▸ WHAT THIS TASK INVOLVES
Give the listing again, word for word, and let no picture into it.

▸ DATA BLOCK

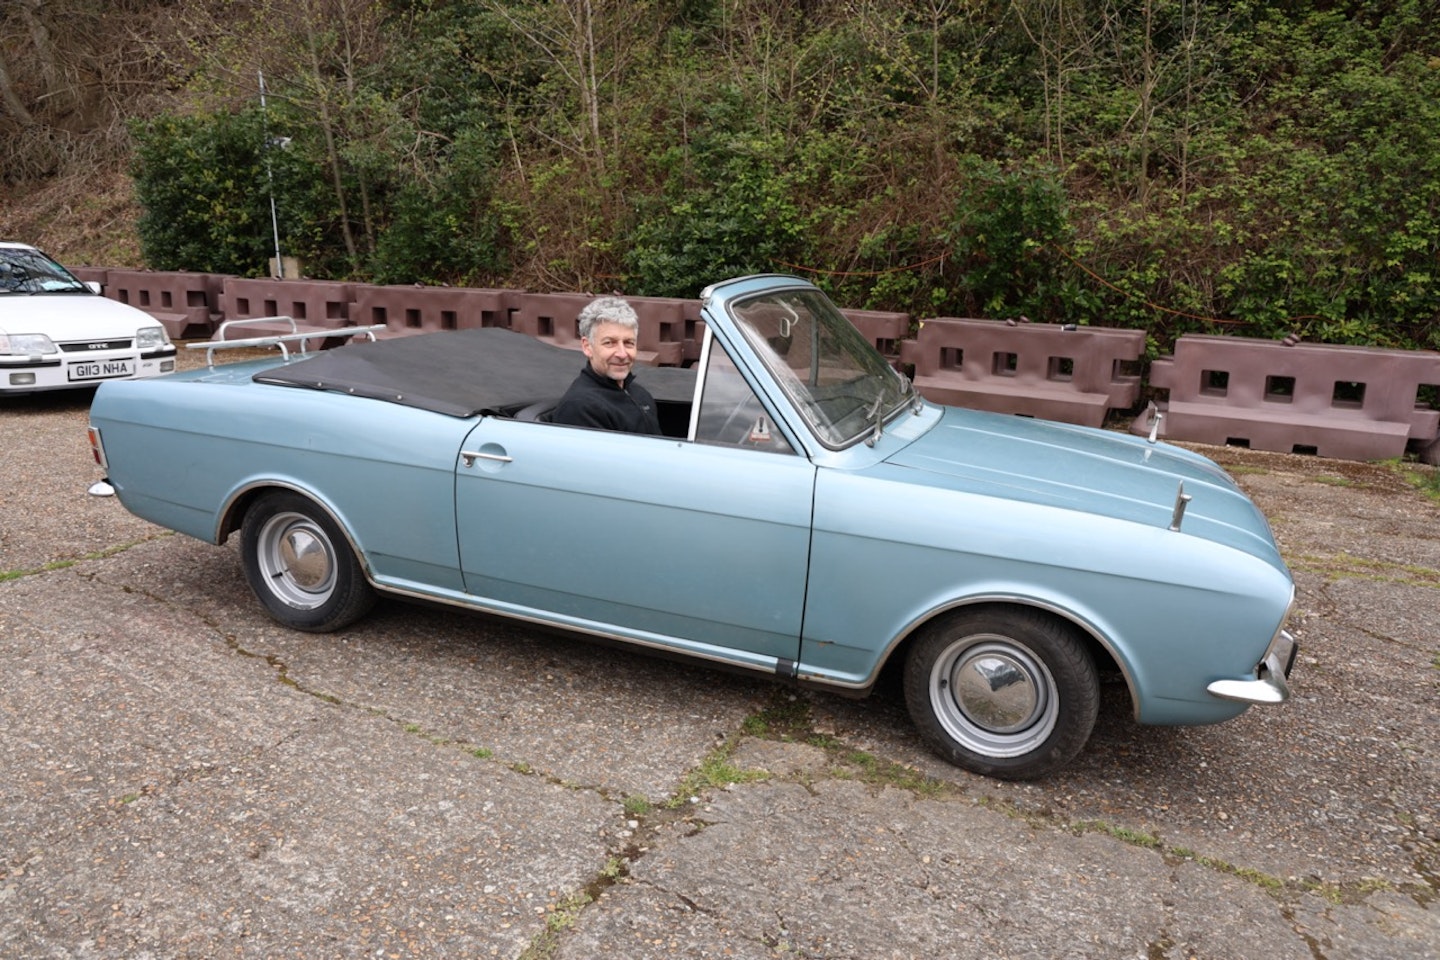 Nick Butcher of Weybridge had a Crayford Ford Cortina convertible before, but it was stolen, so he was pleased to find this 1969 1600 auto replacement.
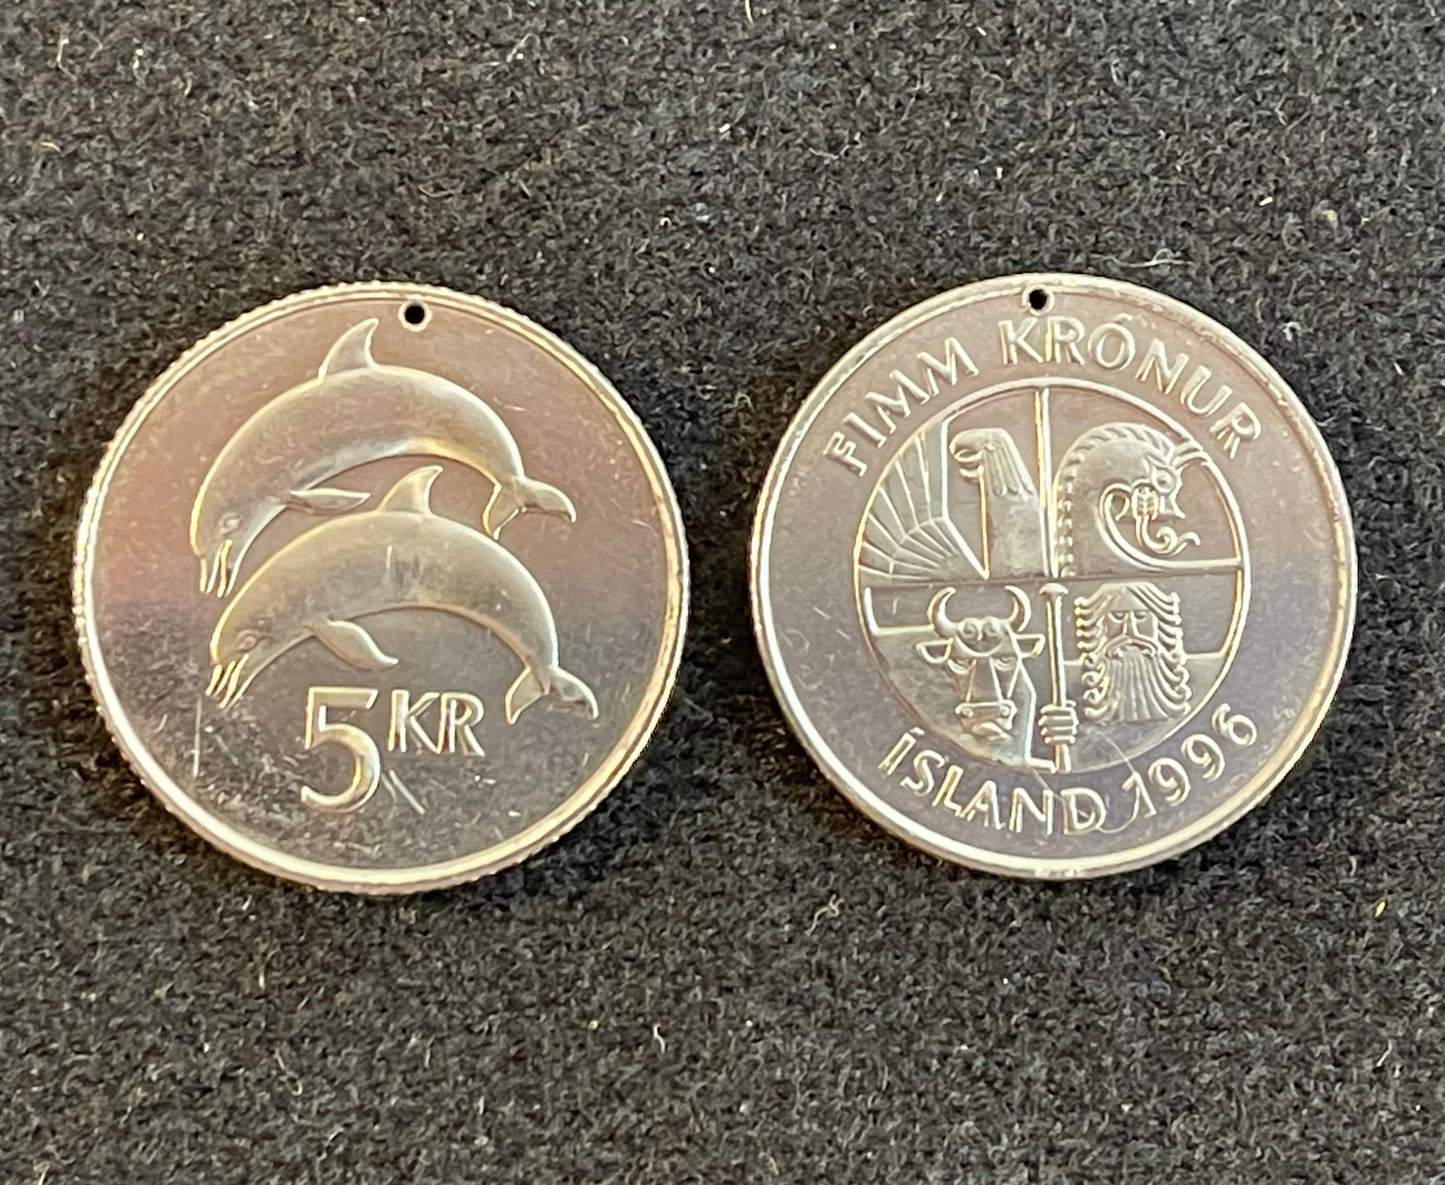 Two Dolphins 5 Kronur Iceland Authentic Coin Money for Jewelry and Craft Making
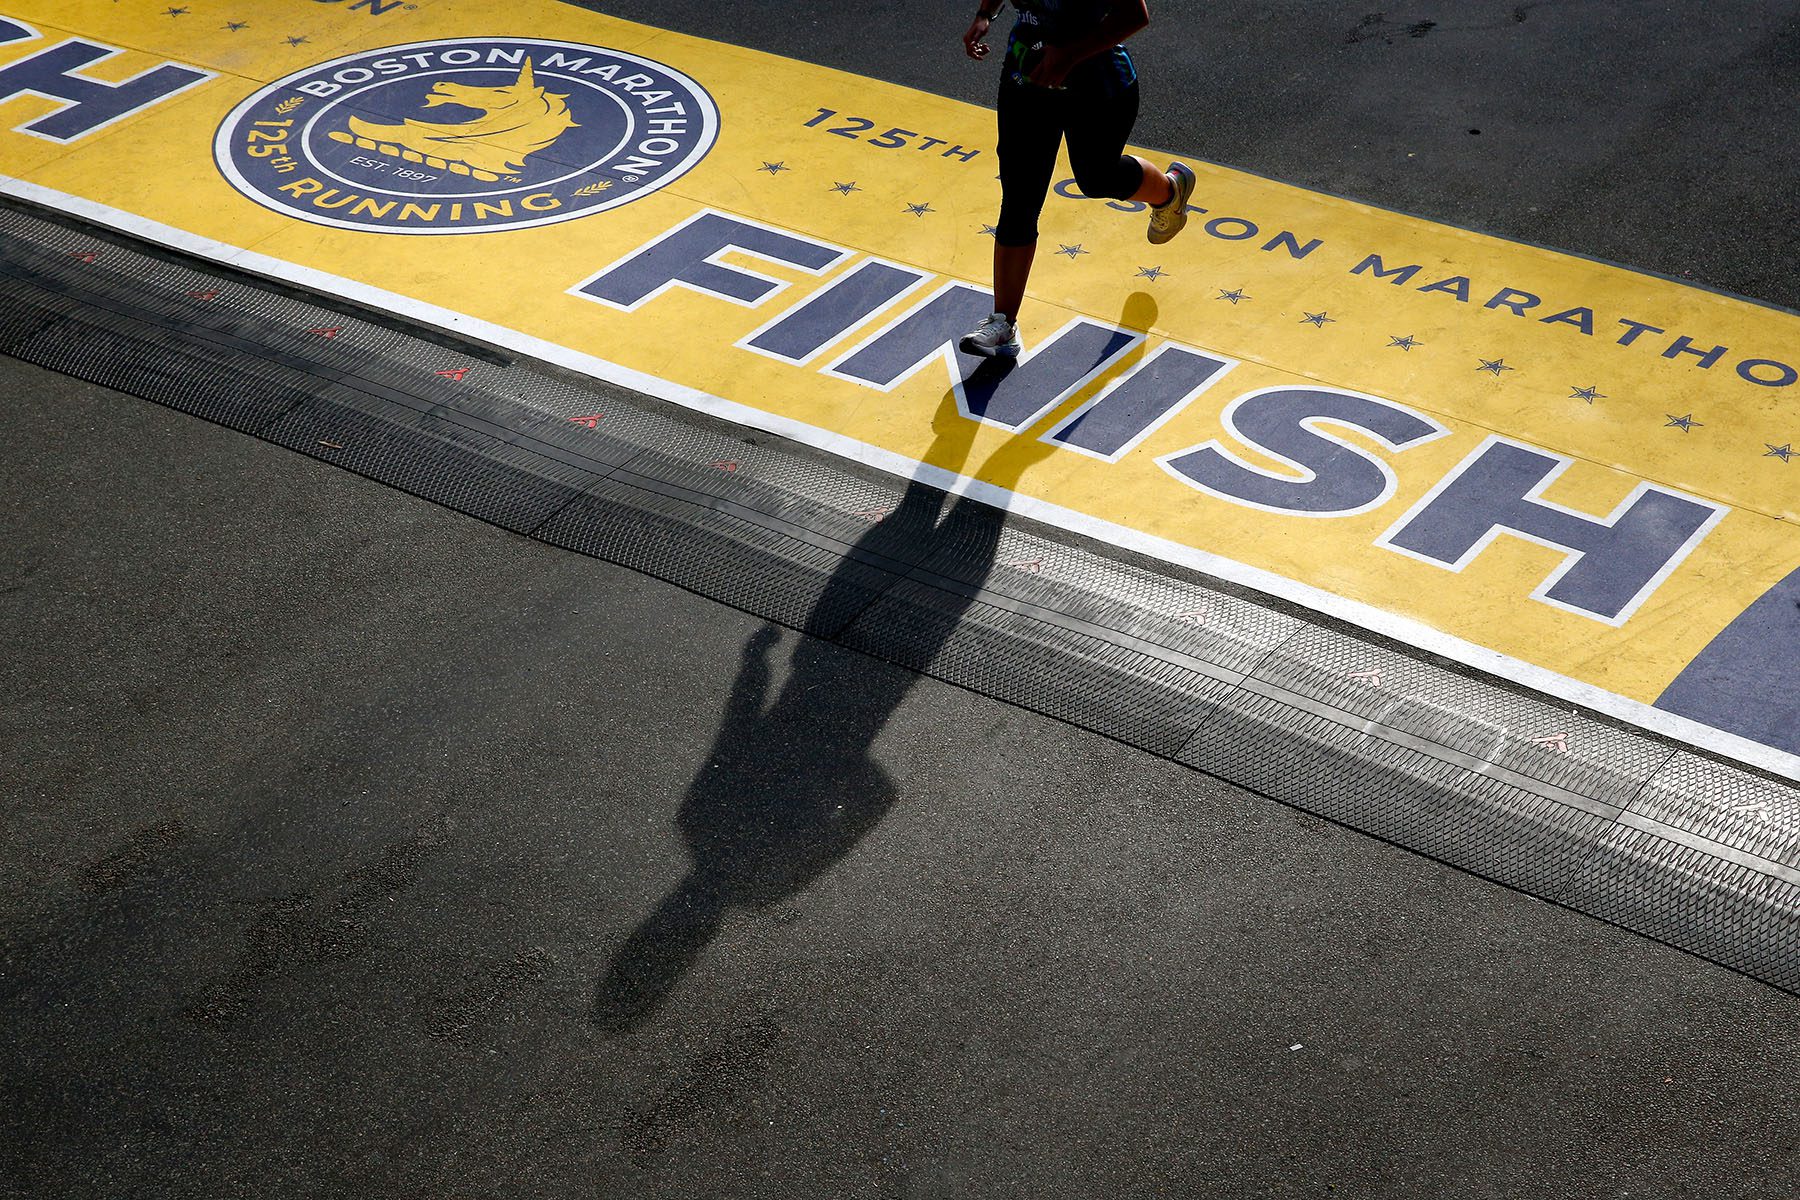 A runner casts a shadow as they cross the finish line of the 125th Boston Marathon.

▸ TASK OUTPUT
 Nick Butcher of Weybridge had a Crayford Ford Cortina convertible before, but it was stolen, so he was pleased to find this 1969 1600 auto replacement.
 Two Dolphins 5 Kronur Iceland Authentic Coin Money for Jewelry and Craft Making
 A runner casts a shadow as they cross the finish line of the 125th Boston Marathon.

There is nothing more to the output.